Meiji-jingu Shrine, located in a gorgeous forest right in the middle of Tokyo, is a fantastic reprieve from the colourful, overwhelming world of Harajuku shopping district. A walking path cuts through the trees, leading to the shrine in the centre. Walking along this misty trail will make you forget you’re in the middle of two of Tokyo’s busiest districts. Entry into the shrine grounds is marked by a massive wooden tori gate that leads to a tranquil forest. The approximately 100,000 trees that make up Meiji Jingu’s forest were planted during the shrine’s construction and were donated from regions across the entire country. Sake barrels are on display and are called kazaridaru, which means “decoration barrels.” Sake traditionally has been a connection between the gods and people in Japan. These sake barrels are offered every year to the enshrined deities at Meiji Jingu Shrine. They have been donated by sake brewers.

Adjacent Yoyogi Park serves local Tokyoites with sprawling lawns and ample sports facilities and places for club meetings and practice sessions. It was nice and relaxing away from the craziness of the city crowds and we watched people walking their dogs and enormous groups of people getting together.

Harajuku Shopping district

Takeshita street is the busiest and brightest pedestrian shopping street that you will ever find. It is lined with fashion boutiques, cafes and fast-food restaurants. It was packed with people moving methodically in two major human streams. It is known to be the focal point of Harajuku’s teenage culture and its side streets, which are lined by many trendy shops, is also famous for crepe stands and cat, hedgehog or rabbit cafes. Living in the density of Tokyo means that people don’t have the space to keep pets and the cafe’s are a way of fulfilling that need. We indulged in a juicy strawberry and Nutella crepe, but forwent the opportunity to spend some time with the pets.

We also stopped to see the exciting Tokyo Plaza, where we joined the queues of people taking advantage of one of Tokyo’s most instagrammable spots due to the crazy reflective mirrors above the escalators.

Saturday afternoon

Shinjuku Gyoen National Gardens 

Shinjuku Gyoen is home to a large number of cherry trees of more than a dozen different varieties. From late March to early April, more than 400 trees blossom turning the lawns into one of Tokyo’s most popular and pleasant hanami spots. The sight of hundreds of people (mostly locals) enjoying the gardens and relaxing under the trees with their picnics (and in one case, their pet owl!) is truly delightful. Packed as it was, it didn’t feel overwhelming and although there was barely a square inch left to squeeze into, people didn’t mind you sitting almost on top of them! We mostly wandered from area to area. Our favourite was the river area, where the blossoms were reflected on the water as were the crowds on the bridge. The afternoon light was perfect for photography. 
We were interested to see how many people dressed up in kimono and in other interesting cute (kawaii) costumes. 

Saturday night 
We decided to head out to Akihabara, famous for its electronic shops and nick-named ‘Electric City’. Many shops and establishments are devoted to manga cafes (for reading comic books) and anime (hand-drawn and computer animation) outlets. Also dispersed among the electronic stores in the district are a plethora of maid cafes. Maid cafes are themed restaurants where waitresses dress as maids and address their customers as “master” and “mistress”. Apparently it’s not a sexual thing at all but definitely seemed more than a little odd. 😳

We marveled at the size of the BIC Camera store selling all kinds of electronics. We’ve never seen such a range of products and brands. Despite its name it is not only for cameras. In fact it’s Japan’s best overall electronics/computer/toys/ alcohol and computer store. And it’s enormous!

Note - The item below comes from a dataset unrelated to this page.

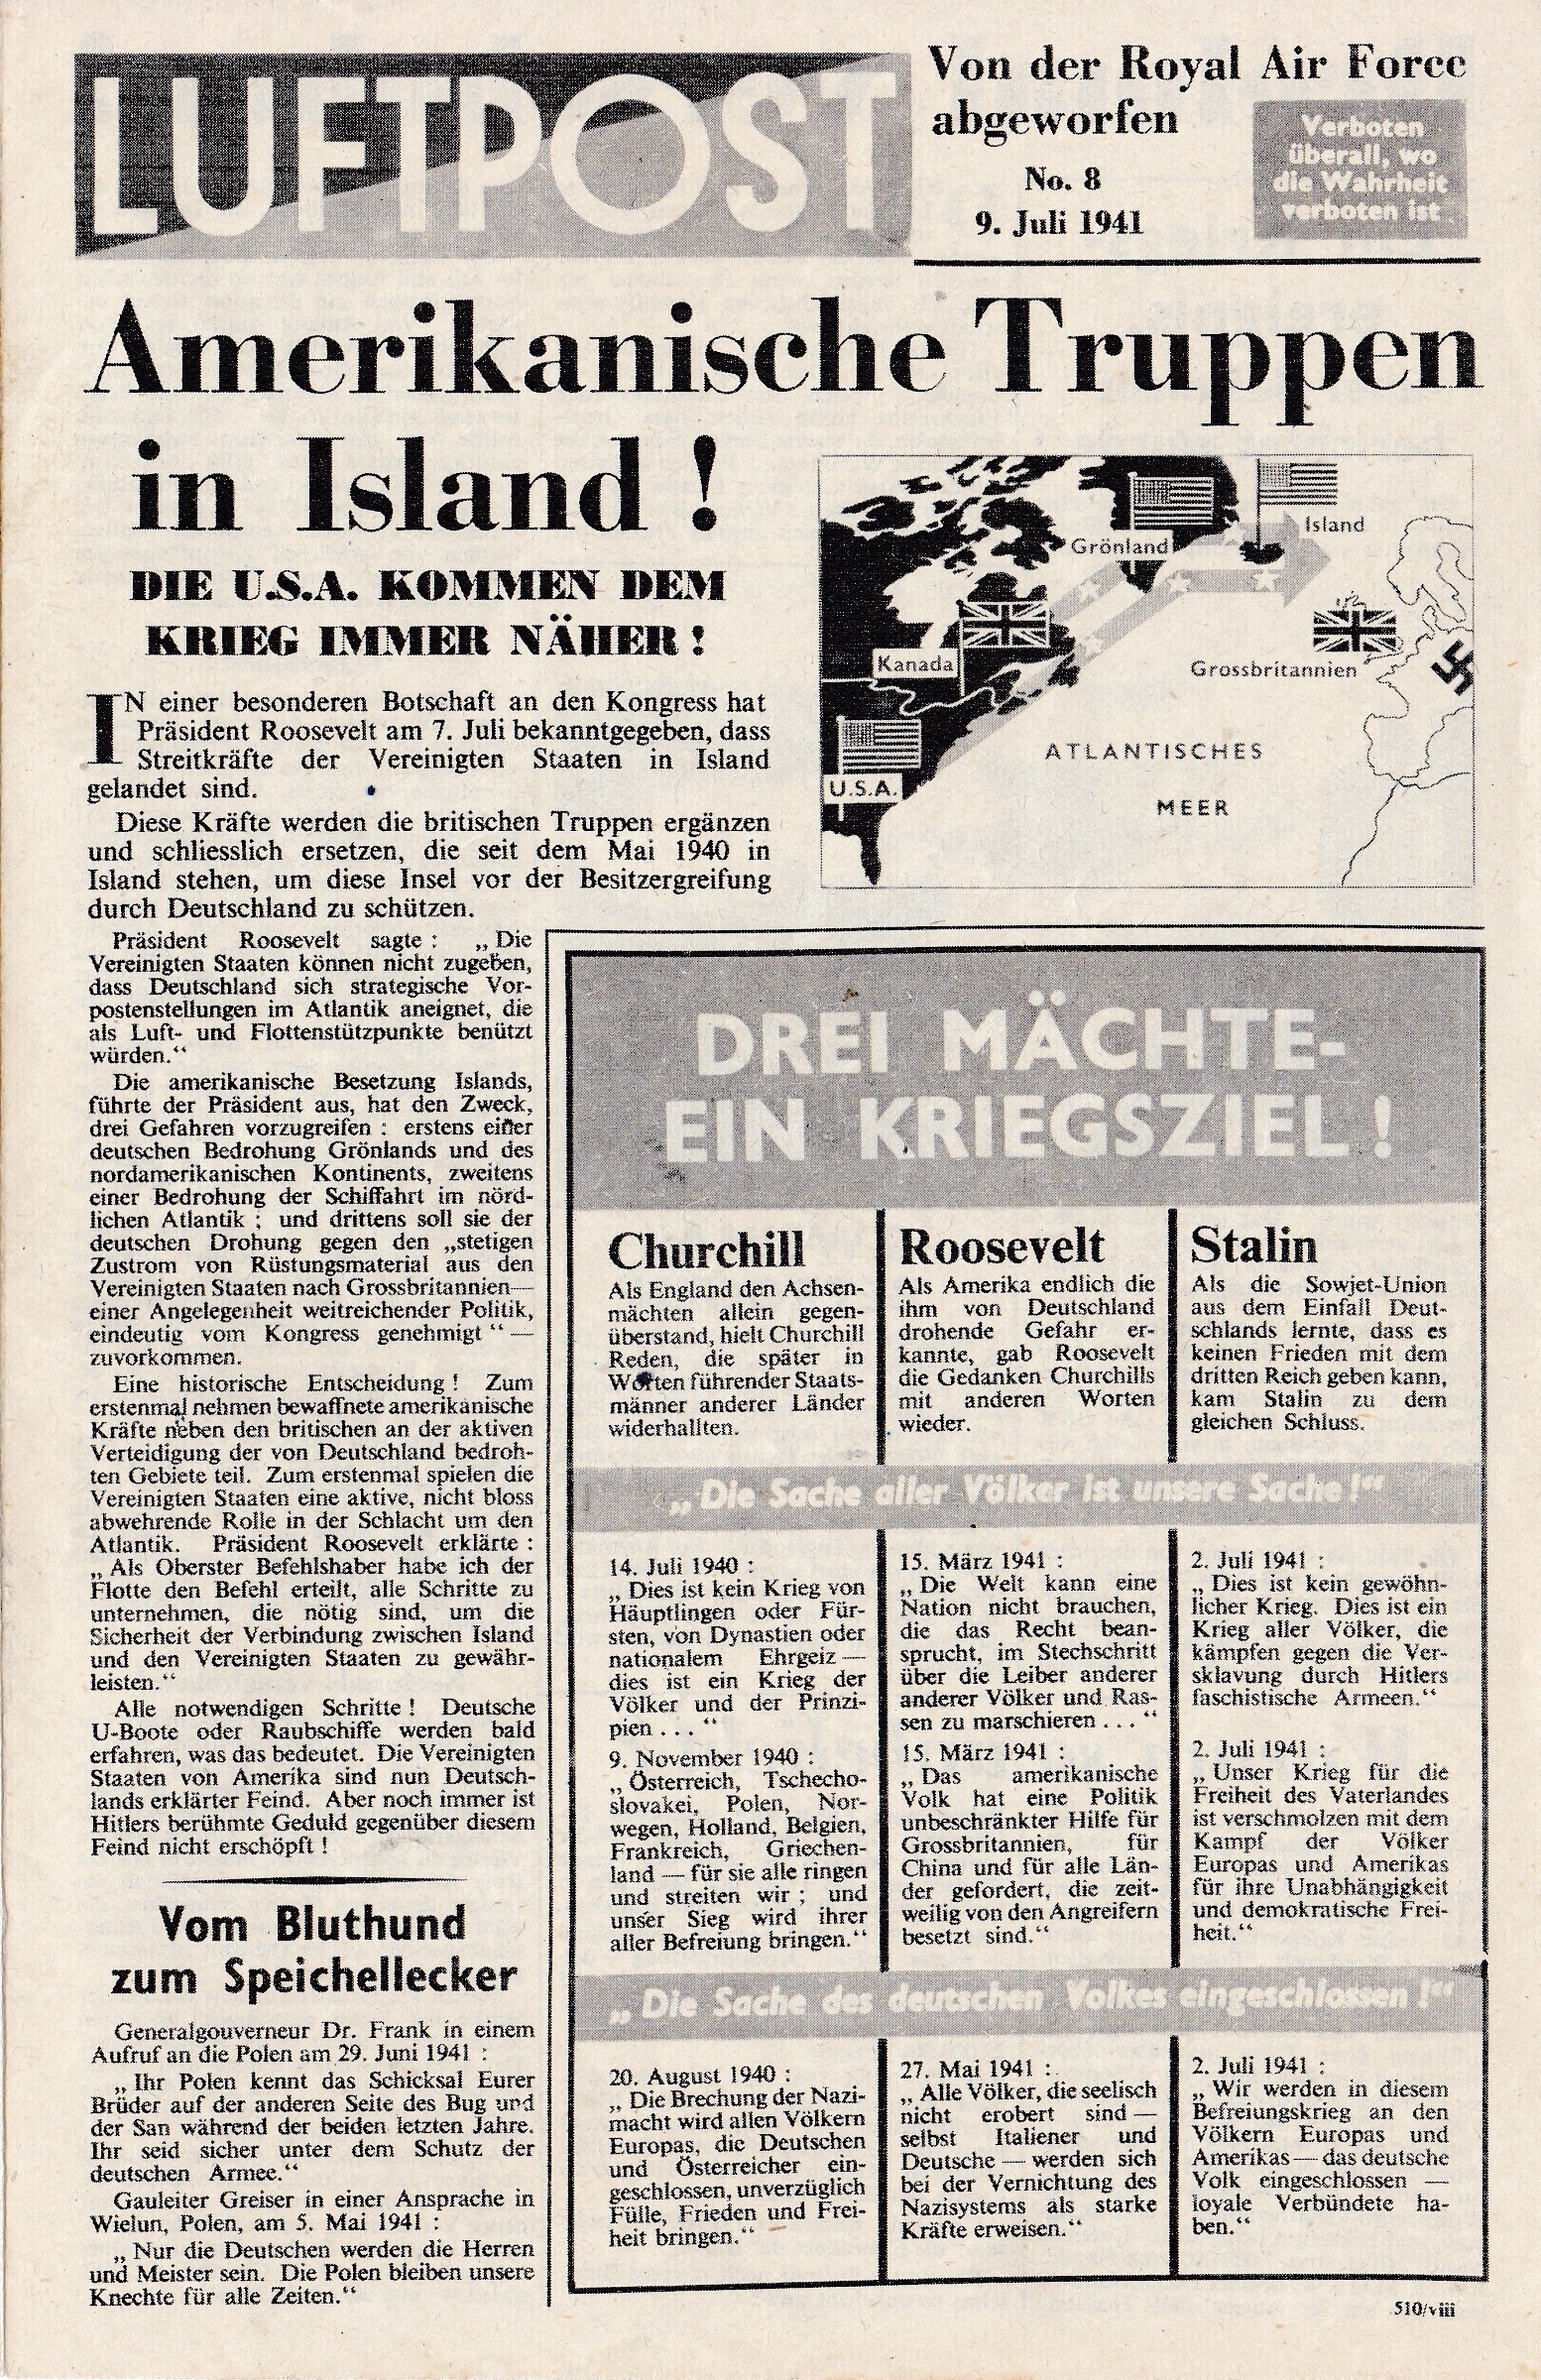 Kriegsflugblatt: 510/iv [1941] Luftpost No. 4, 16. Juni 1941 (Moritz-Adolf Trappe CC BY-NC-SA)

Wandering through the streets, we stumbled upon another outstanding restaurant where we ate tasty pork and rice and more gyoza. It may sound fairly plain but my mouth waters when I think of the flavours!

Sunday morning 
Well aware that it was our last day in Tokyo, we got some washing done and sorted our clothing across our two suitcases. Japan offers an amazing service that is almost inconceivable to South Africans. (By way of example, in SA I received a Christmas card posted in late November in the same city that I live in, that was delivered in April). In Tokyo you simply pop into your local 7-Eleven and they arrange (for a small fee) to have your luggage sent ahead and overnight to your next destination. No dragging your bags through the streets and subways or having unnecessary stuff taken along. We sent half our things to our hotel in Osaka, leaving one bag for our trip to Nikko and the Nakasendo Way. 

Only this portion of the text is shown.